Vygotski (1996) acredita que há indícios seguros de que a imitação compõe o rol de peculiaridades especificamente humanas. Isso porque o substrato da imitação é composto pelas possibilidades intelectuais compartilhadas entre o sujeito e o objeto da imitação. Por meio da ação comum com o adulto, se amplia o desenvolvimento do bebê em aspectos que somente pode adquirir mediante a ação compartilhada. A imitação, como elemento dessa ação conjunta, corrobora com a produção do novo no comportamento.

É válido notar que a partir da relação reciprocamente determinada entre as propriedades concretas da existência do bebê e as propriedades de sua vida psíquica, o desenvolvimento dos recursos operacionais do bebê representa um importante aspecto na ampliação das possibilidades de atuação do mesmo e da manifestação de comportamentos sociais, sob a direção do adulto.

Para Vygotski (1996), uma questão própria ao vínculo entre as possibilidades operacionais do bebê e suas reações sociais, nesse período, identifica-se pelo domínio do próprio corpo.

À medida que o bebê torna-se capaz de dominar seu corpo, ter domínio sobre as posturas – sentado, em pé – amplia-se o rol de possibilidades de atuação social. Estando desconfortável em relação à posição em que se encontra, o bebê gastará sua energia fundamentalmente em superar esse estado ou condição, reduzindo-se as possibilidades de relação com as pessoas e objetos de seu entorno (VYGOTSKI, 1996).

Em certas posições e estados, uma vez satisfeitas suas necessidades, o bebê possui grande excesso de energia. Em semelhante estado, seus sentimentos podem ser ativos, ainda que seja em mínimo grau: pode escutar atentamente e olhar ao seu redor com determinada vivacidade. Porém, se a postura cômoda e segura em que se encontra é mudada por outra que ele não domina, dirige toda sua energia em superar tal

incômodo. Já não sorri para a pessoa que lhe fala nem a olha tampouco (p. 302-303).

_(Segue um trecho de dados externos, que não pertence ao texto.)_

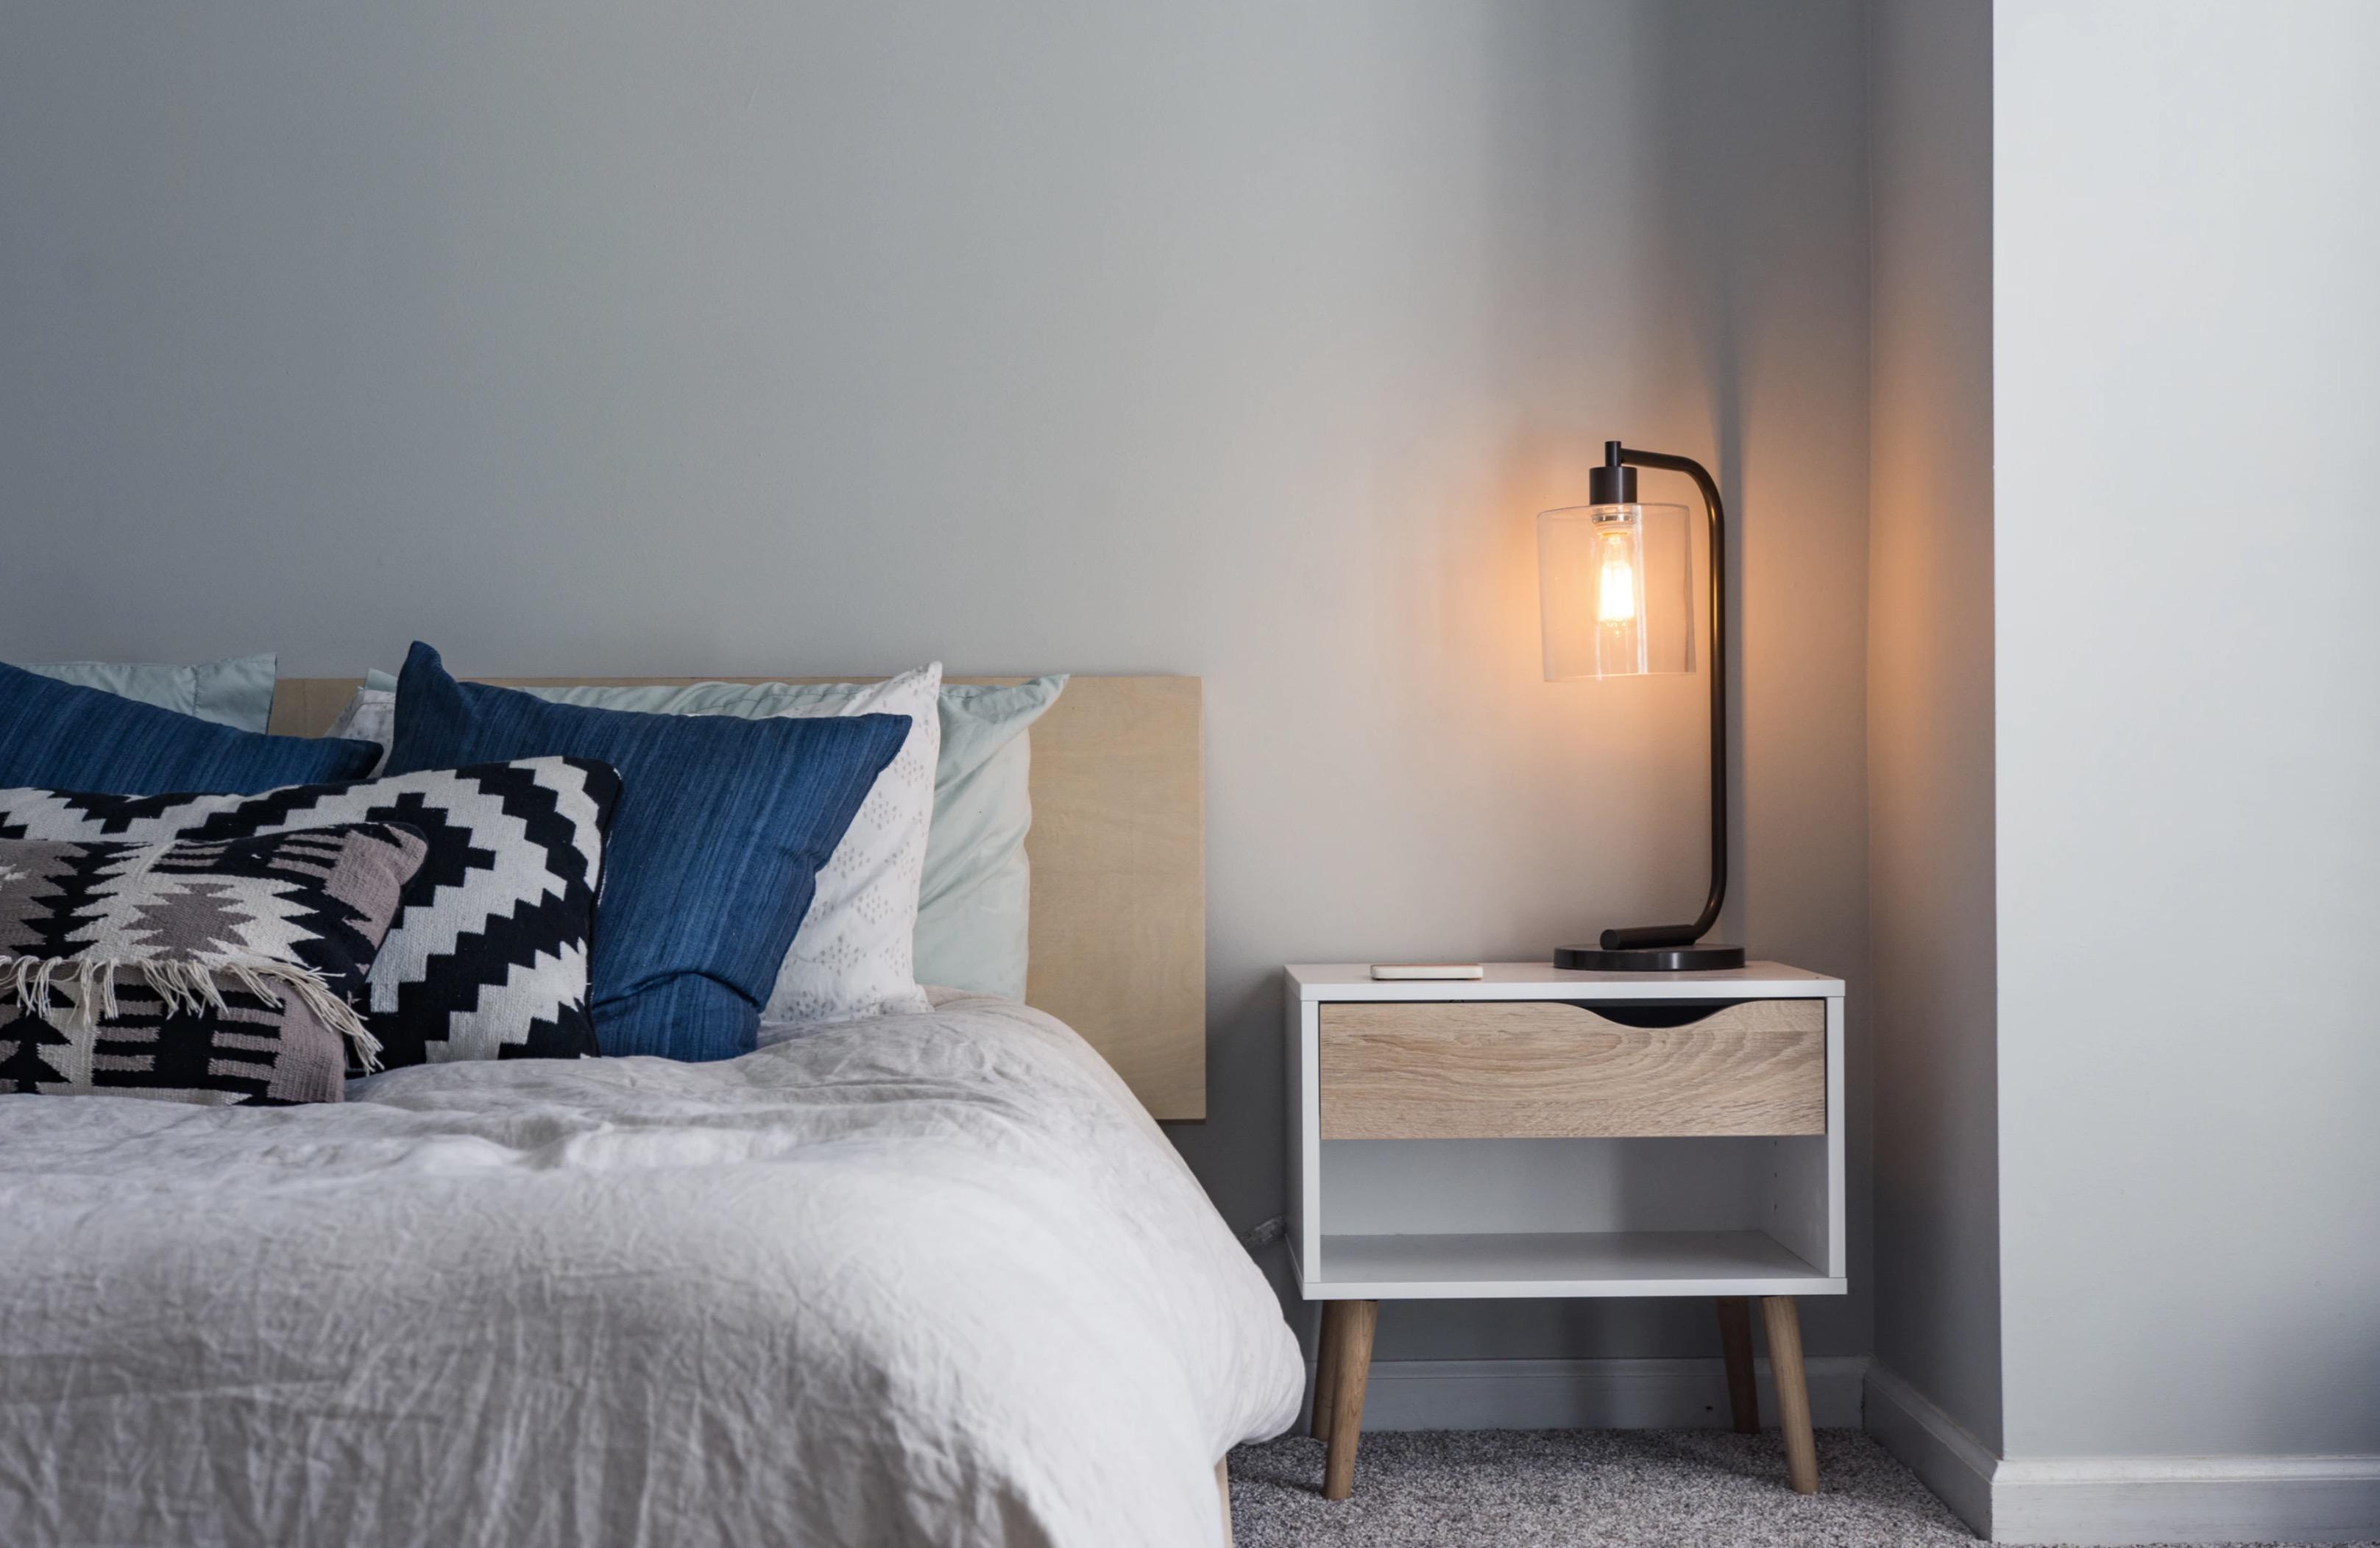 Indretning 5 Tips Til Et Minimalistisk Sovevaerelse Med Plads Til Ro Forkvinder Dk

É válido ressaltar que, a princípio, o bebê é um ser que reage, mas, mesmo estando na dependência da ação com os adultos, não inicia ativamente uma ação conjunta com os mesmos. Iniciar e promover uma atividade comum com o bebê é, no início, função exclusiva do adulto cuidador.

De fato, o bebê é reativo desde o princípio. Do adulto que lhe cuida, atende-lhe, se desprende tudo quanto recebe o bebê nessa etapa de sua vida, não somente a satisfação de suas necessidades, mas também os estímulos e distrações provocados pelas mudanças de postura, o movimento, o jogo, e a voz convincente. O bebê reage cada vez mais e mais a esse mundo de vivências criado pelo adulto, porém, não entabula ainda comunicação com outro bebê, ainda que esteja no mesmo quarto, em outra caminha (VYGOTSKI, 1996, p. 302).

A superação das reações primitivas do bebê é o primeiro passo em direção à manifestação da atividade comunicativa, produzem-se, justamente, sobre a base das primeiras reações espontâneas, sobre a base as quais o adulto irá moldar e promover novas reações, que virão a se produzir voluntariamente (LISINA, 1987).

Em relação à dinâmica da formação das reações sociais no bebê, Lísina (1987) revela que o primeiro aspecto da atividade comunicativa a ser assimilado e reproduzido por ele é o aspecto operacional externo. Somente depois de assimilar as operações e meios da atividade comunicativa se produz no bebê o conteúdo interno da atividade de comunicação, formando uma vinculação entre a dimensão operacional e a dimensão das necessidades e motivações internas para a realização dessa atividade.

Ao ultrapassar o primeiro mês de vida, com o final do período pós-natal, surgem as primeiras reações sociais do bebê, como o sorriso ao ouvir a voz humana e o choro como reação ao ouvir o choro de outros bebês ou crianças. Ao atingir “dois-três meses recebe com um sorriso ao olhar de um adulto”, o bebê “se volta para a pessoa que lhe fala, presta atenção a sua voz e se aborrece quando se separa dela. Aos três meses, emite diversos sons quando se aproxima dele uma pessoa, sorri e se manifesta disposto à comunicação” (VYGOTSKI, 1996, p.302).

Todas essas reações indicam uma comunicação primária, carente do desenvolvimento da linguagem humana, no bebê. Essa comunicação possui características próprias e surge em meio à contradição essencial que se apresenta na

situação social de desenvolvimento do bebê: sua total dependência do adulto, ao mesmo tempo em que não possui o principal meio para comunicar-se com ele, isto é, a linguagem humana.